First Edition: 6th February 2014, Hardback

Publisher: Amana / IMA PHOTOBOOKS

Design: Hiromi Fujita

Text: Ivan Vartanian

Print and binding: Tosho Printing Co.

Pages: 192

ISBN: 978-4-86587-034-3


Yoshinori Mizutani is a Japanese emerging photographer, born in Fukui in 1987. He moved to Tokyo to work and study, graduating from the Tokyo College of Photography in 2012. Last year he was selected by FOAM in the annual Talent Call, allowing him to grow from an online platform to a highly selective and elitist one and, in 2014, he became one of the young talents to follow. He was then able to exhibit in Europe and East Asia and invited to participate to various exhibitions for emerging photographers.

His atypical and meticulous vision, perhaps spontaneous in his stylistic research, developed an interest in photography only in recent years when, lost between the multitude of Tokyo's markets, came in contact for the first time with photo books, leaving him stunned and dazzled.

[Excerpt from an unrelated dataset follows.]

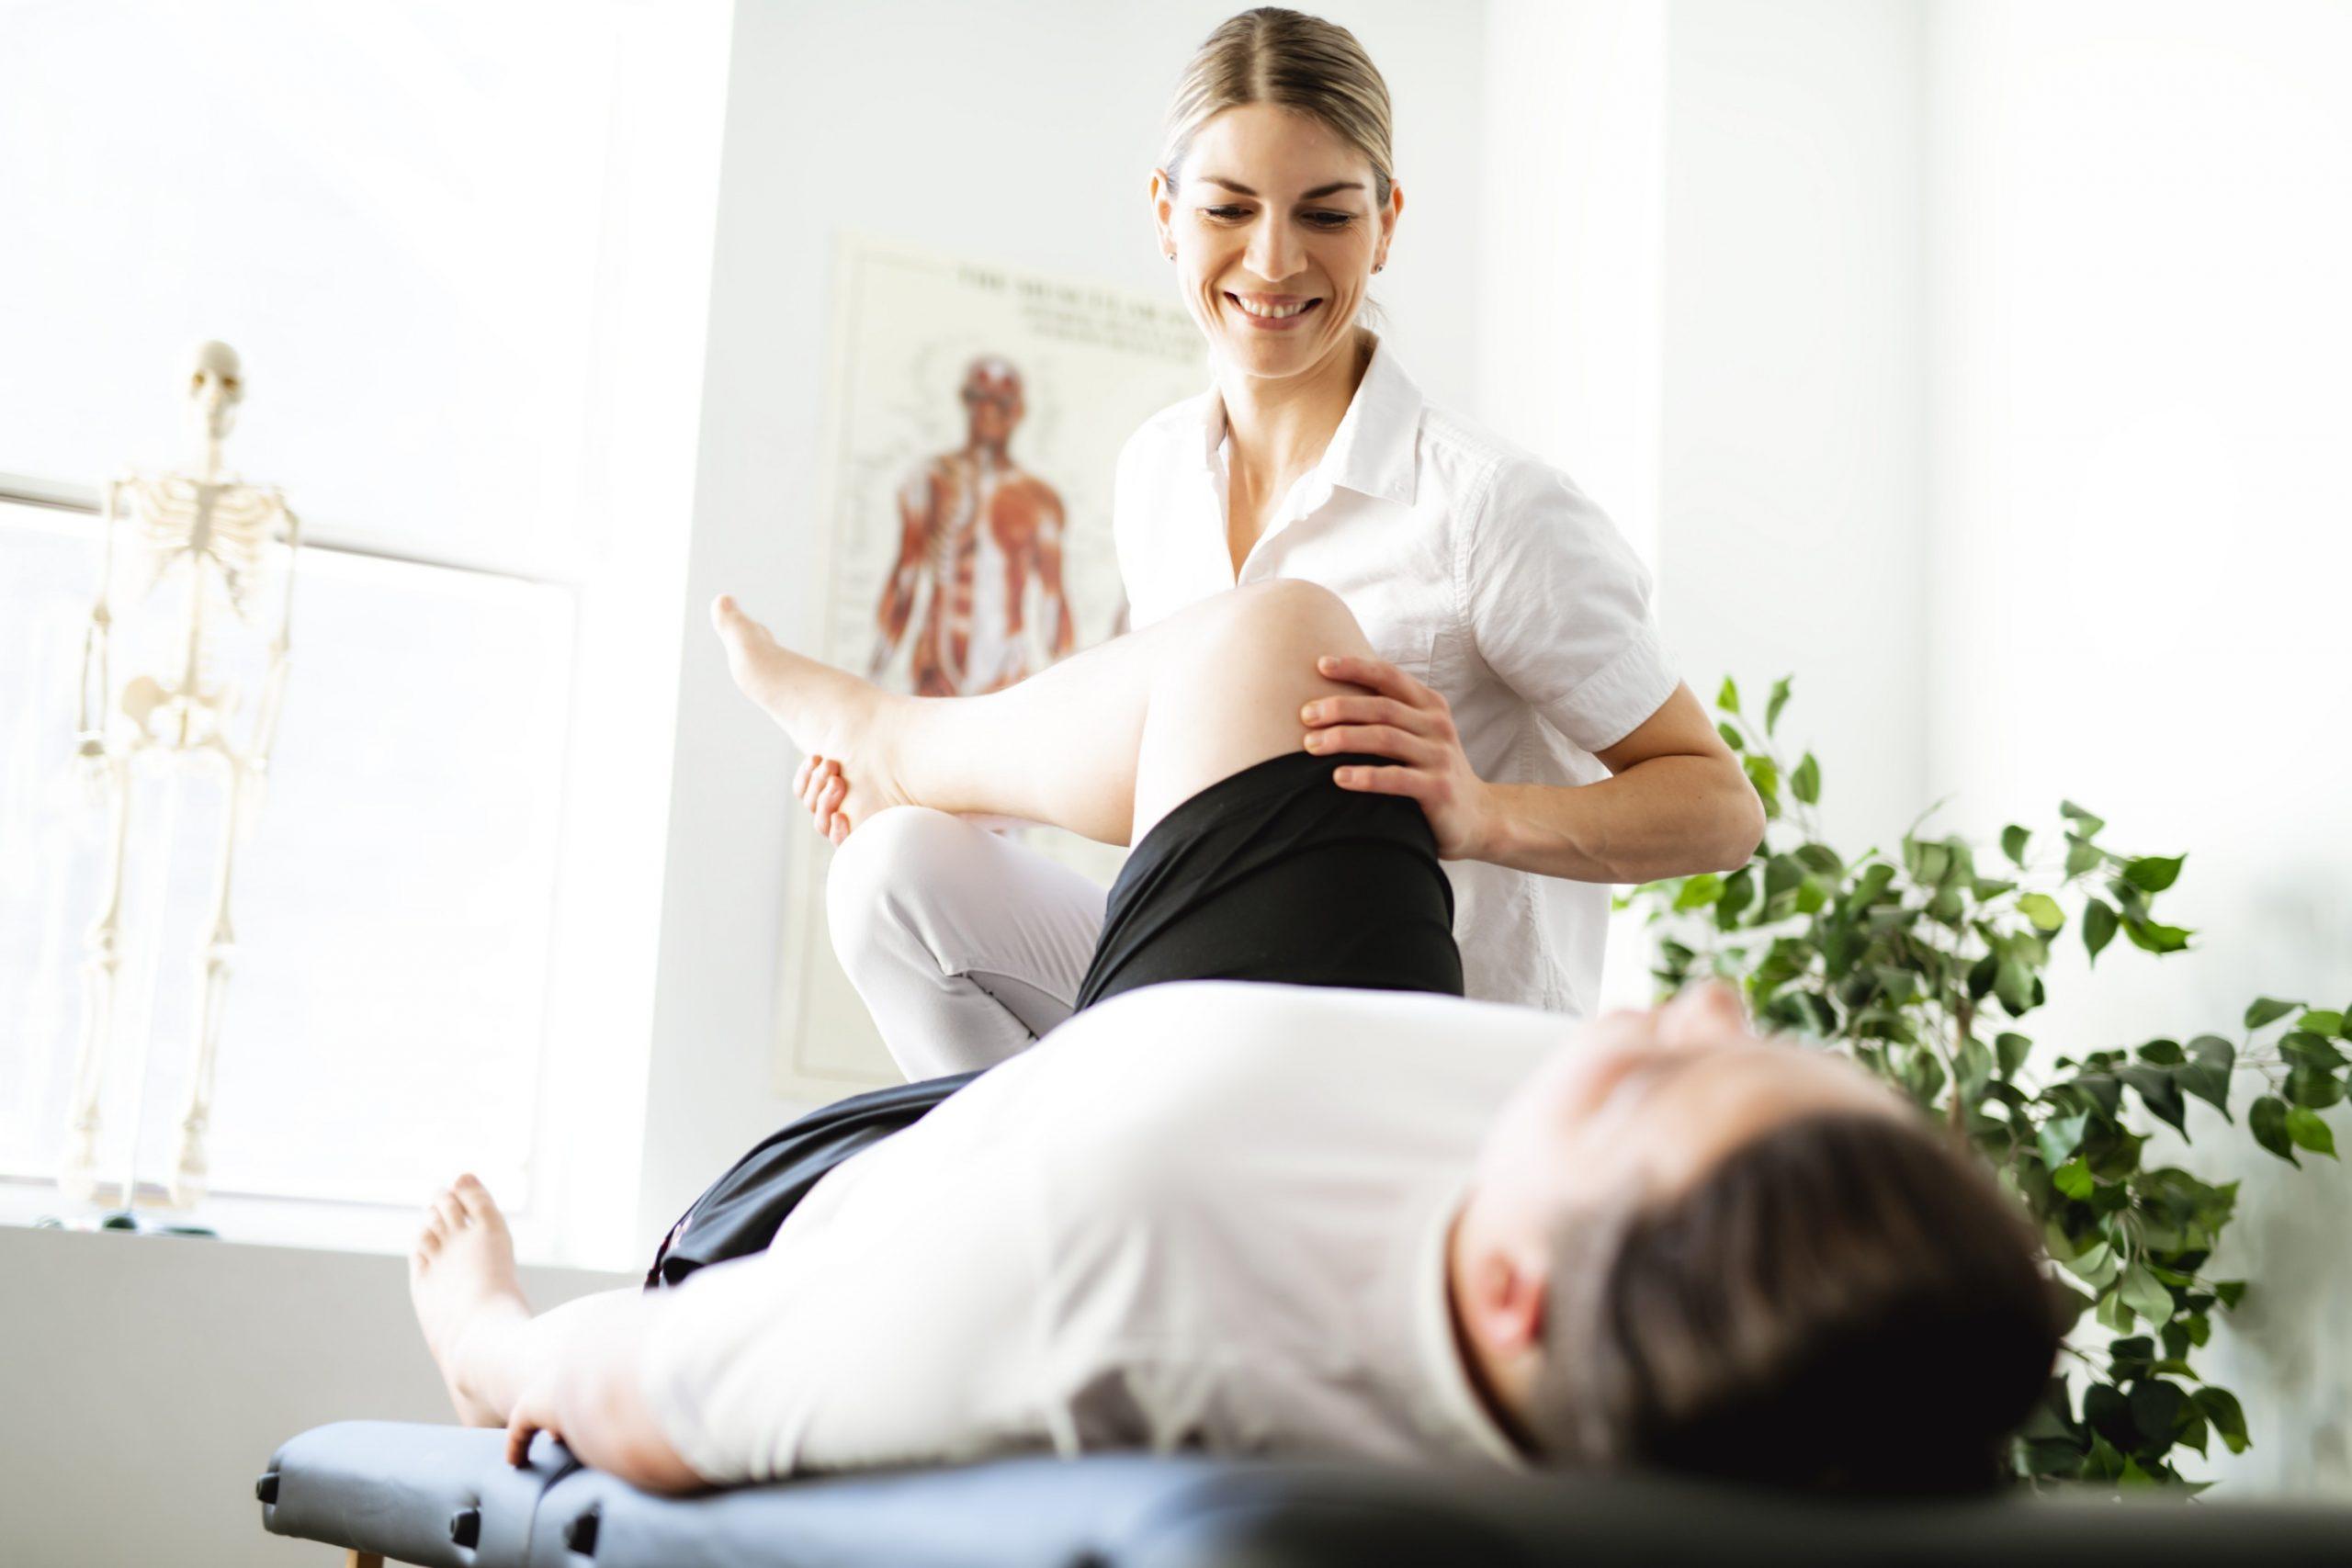 Qual é a importância da fisioterapia no tratamento das dores crônicas?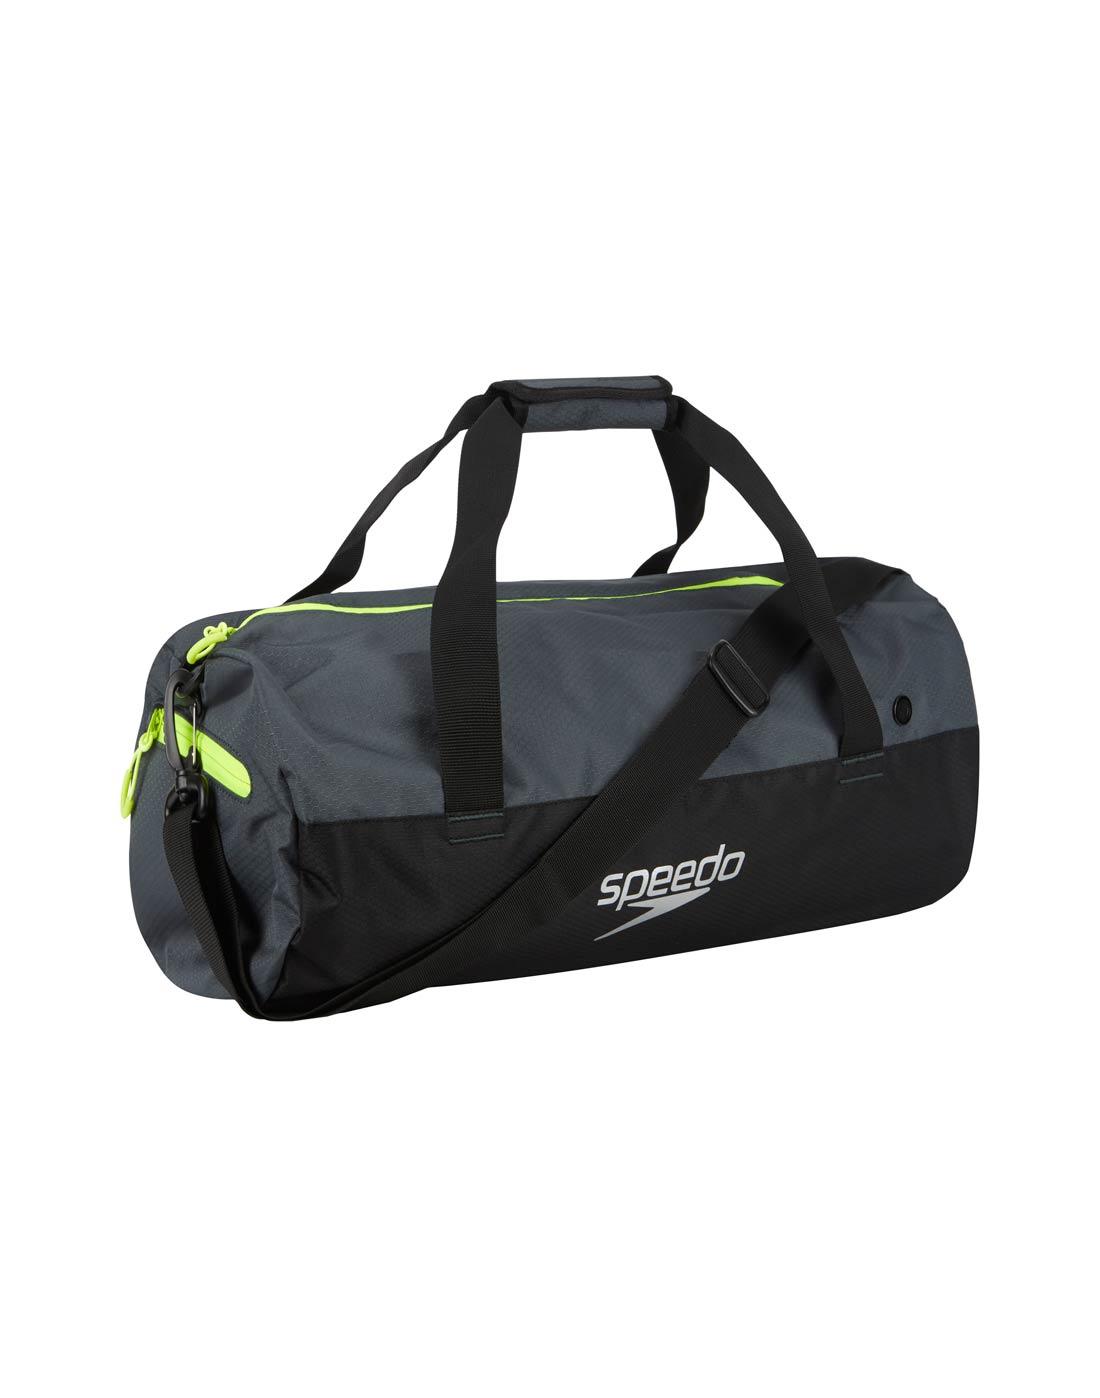 Speedo Duffel Bag ... a38cc78b9de0d

The project Colors started in 2010 after four years of research and collection of images – taken from his everyday life nestled in a larger container that is a megalopolis like Tokyo – and has taken the form of a book, giving greater depth to these skilfully and meticulously stolen snapshots. He states: "sometimes photography without context is enough – sometimes the lack of context gives depth to the picture, a resonance, gives us space to examine the banality of the subject and its inherent beauty." Mizutani shots are strongly bold in colour and composition, geometric abstractions scattered around the city, portraits where the real protagonist isn't the subject but the concept, able to lead to different photographic styles, linked by a single conductor, the neat and remote flash power with which he fixes the image, dynamic yet static. "I shot a naked woman holding a pile of books. I think of that as a still-life. Others are definitely street snaps. For me, it's important to explore the world but I don't feel tied to any particular genres. Photography reflects what I see, feel and imagine, so I think photography should remain totally free."

Today, perhaps, taking a good photograph isn't the most important thing but to be able to tell one's own time, stories that overlap one another, day after day, removing one's inherent uniqueness and just turning the act of seeing into a broader portal that provides access to an image bank, a bank of stories, that tells so much more than the place where it was taken, or the face that portrays; it tells the course of the world and its slow evolution towards a single, to which everyone will refer, one day.